Camulos was widely photographed and painted by many of the professional photographers and artists of the day. Pasadena photographer Adam Clark Vroman illustrated Camulos in the Little, Brown and Company’s 1912 edition of Ramona. Famed artists Henry Chapman Ford and Alexander Harmer painted Camulos. Well-known eastern illustrator Henry Sandham, who accompanied Jackson on her tour of the missions and Indian reservations, made many sketches and paintings of Camulos which illustrated his edition of Ramona in 1900, published by Little, Brown, and Company.
In 1887 Ventura photographer John Calvin Brewster photographed Camulos, recreating scenes from Ramona which eventually were published in the San Francisco Chronicle. Del Valle family, members and friends posed for these scenes and others that depicted the romance between Alessandro and Ramona. Occasionally the family complained about the excursion trains that stopped at the ranch and the avalanche of tourists that descended upon the ranch demanding to see Ramona, and invading the orchards and house. Reginaldo del Valle even considered at one time building a hotel to accommodate tourists, when he thought his mother’s gracious hospitality was becoming a burden in her later years and the cost of accommodating so many guests was getting out of hand. The del Valle family eventually capitalized on the Ramona phenomenon by establishing the “Home of Ramona Brand” trademark for their oranges.

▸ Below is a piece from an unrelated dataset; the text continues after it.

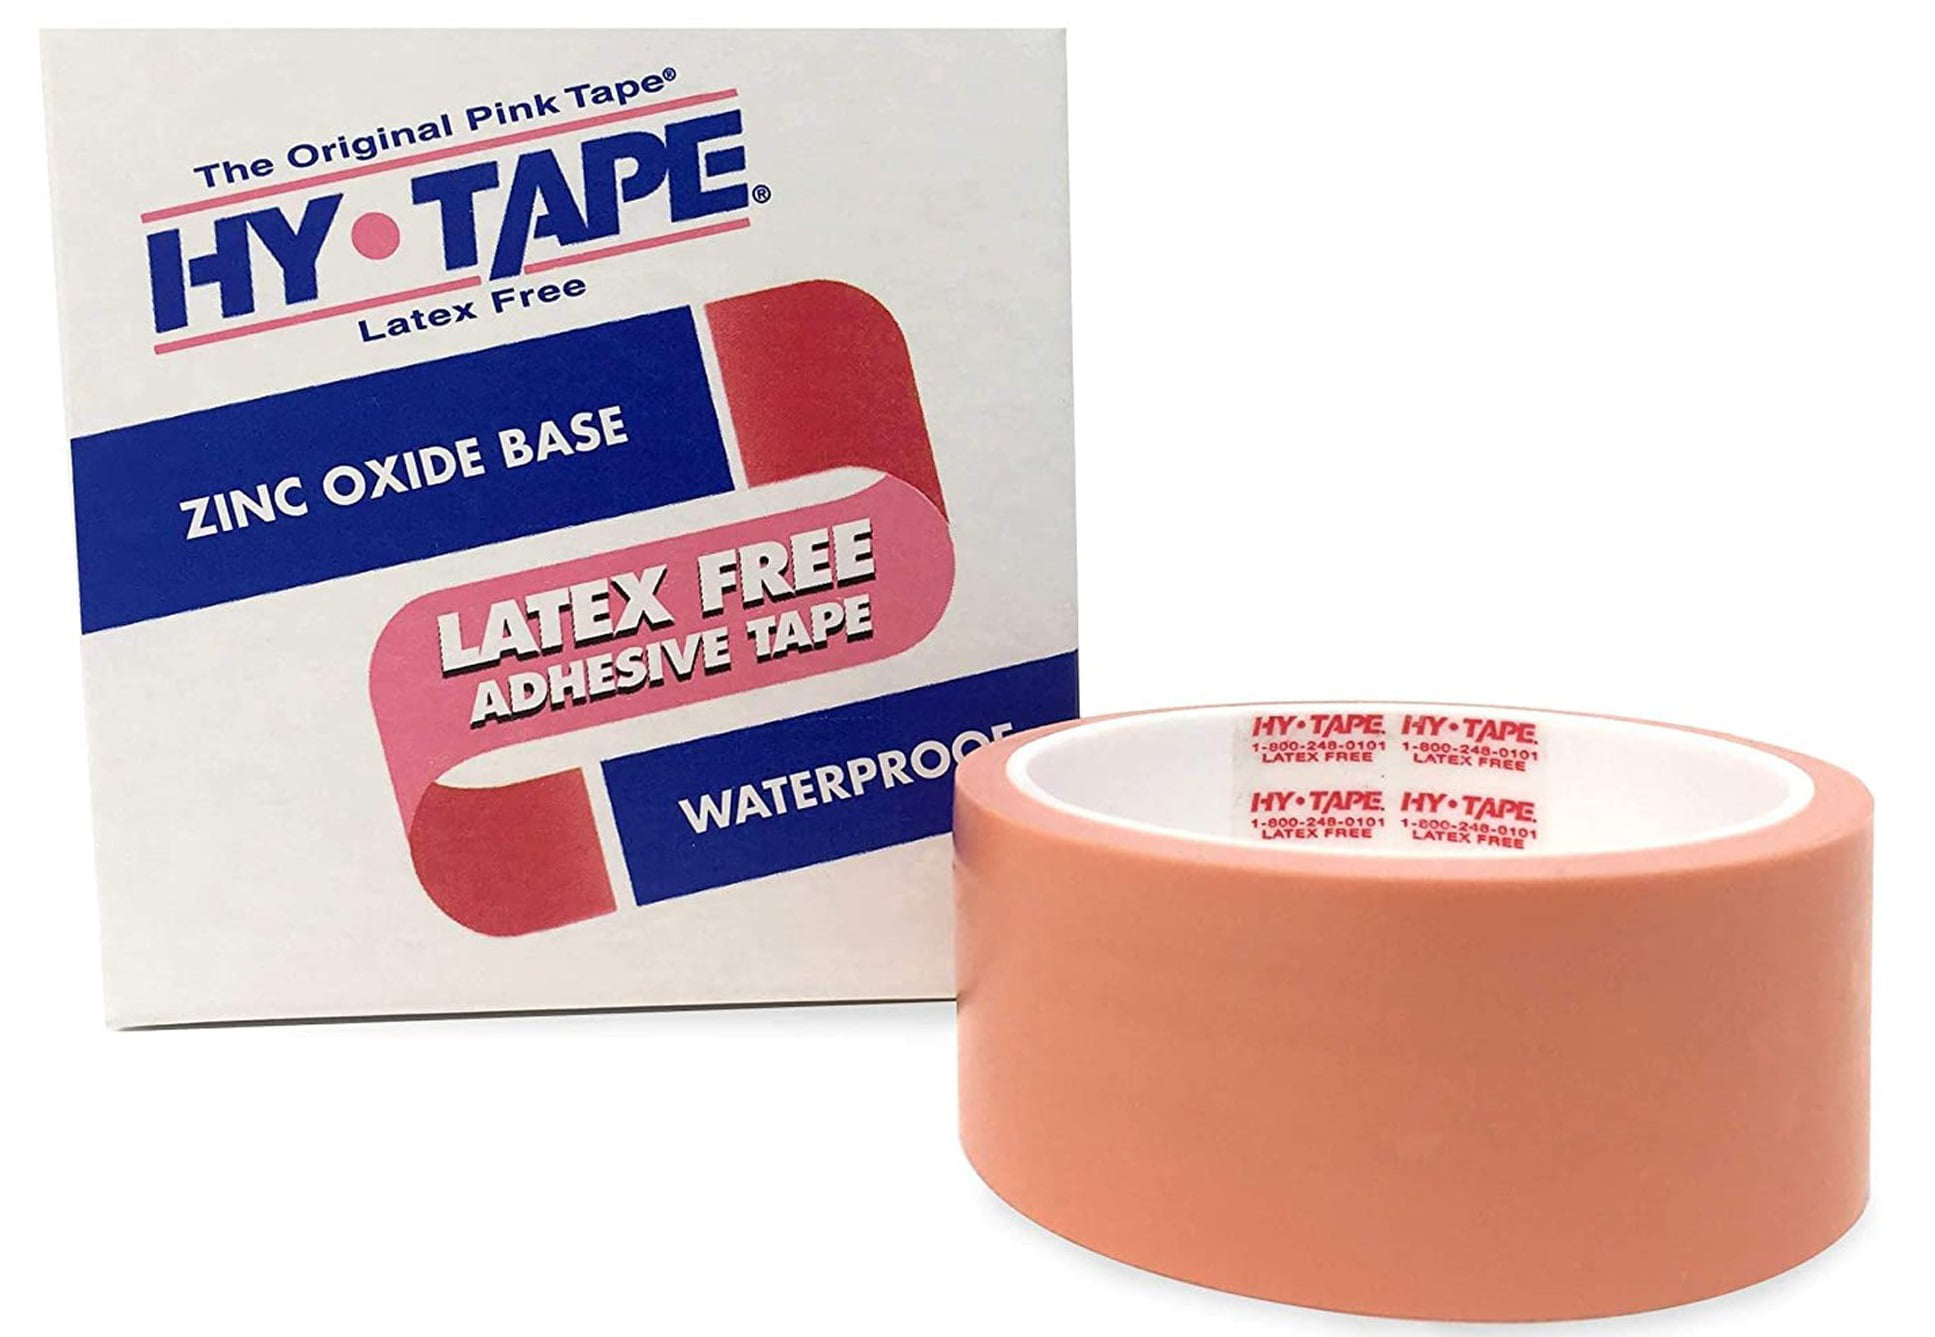  MAT Duct Tape Pink Industrial Grade, 4 inch x 60 yds.  Waterproof, UV Resistant for Crafts, Home Improvement, Repairs, & Projects  : Industrial & Scientific

Camulos continued to receive tourists at the ranch even after the Southern Pacific Railroad relocated its main line to the south through the Santa Susanna Pass in 1903. Two daily trains continued to make trips down the Santa Clara Valley in the 1920s until passenger service was discontinued in the 1940s. Throughout this period, Camulos continued as a scheduled stop. An article in Sunset Magazine for December 1925 indicated that Camulos was still welcoming visitors.
As one of the most widely recognized settings for Jackson’s novel Rancho Camulos became not only a tourist destination in and of itself, but was also emblematic of California’s colonial past in both reality and in fiction. It is a tribute to the power and influence of Jackson’s novel that her popular fiction achieved a capacity to fire the collective imagination of the American public to an extent that the more prosaic reality of colonial California might never have equaled. It was in large part this brand of fictionalization and romantic invention that induced Americans to move in vast numbers from east to west, with expectations of discovering the fabled land of Ramona.
By the time of American involvement in World War II, the anti-American sentiments expressed in Ramona combined with its dated sentimentalism ended its popularity with readers. Also a factor was the wartime attraction of newcomers to California motivated by jobs, not picturesque scenery. The Ramona myth played a central role in fashioning a regional identity for Southern California at a time when the West was trying to establish a historical and cultural legitimacy separate but comparable with the eastern part of the country.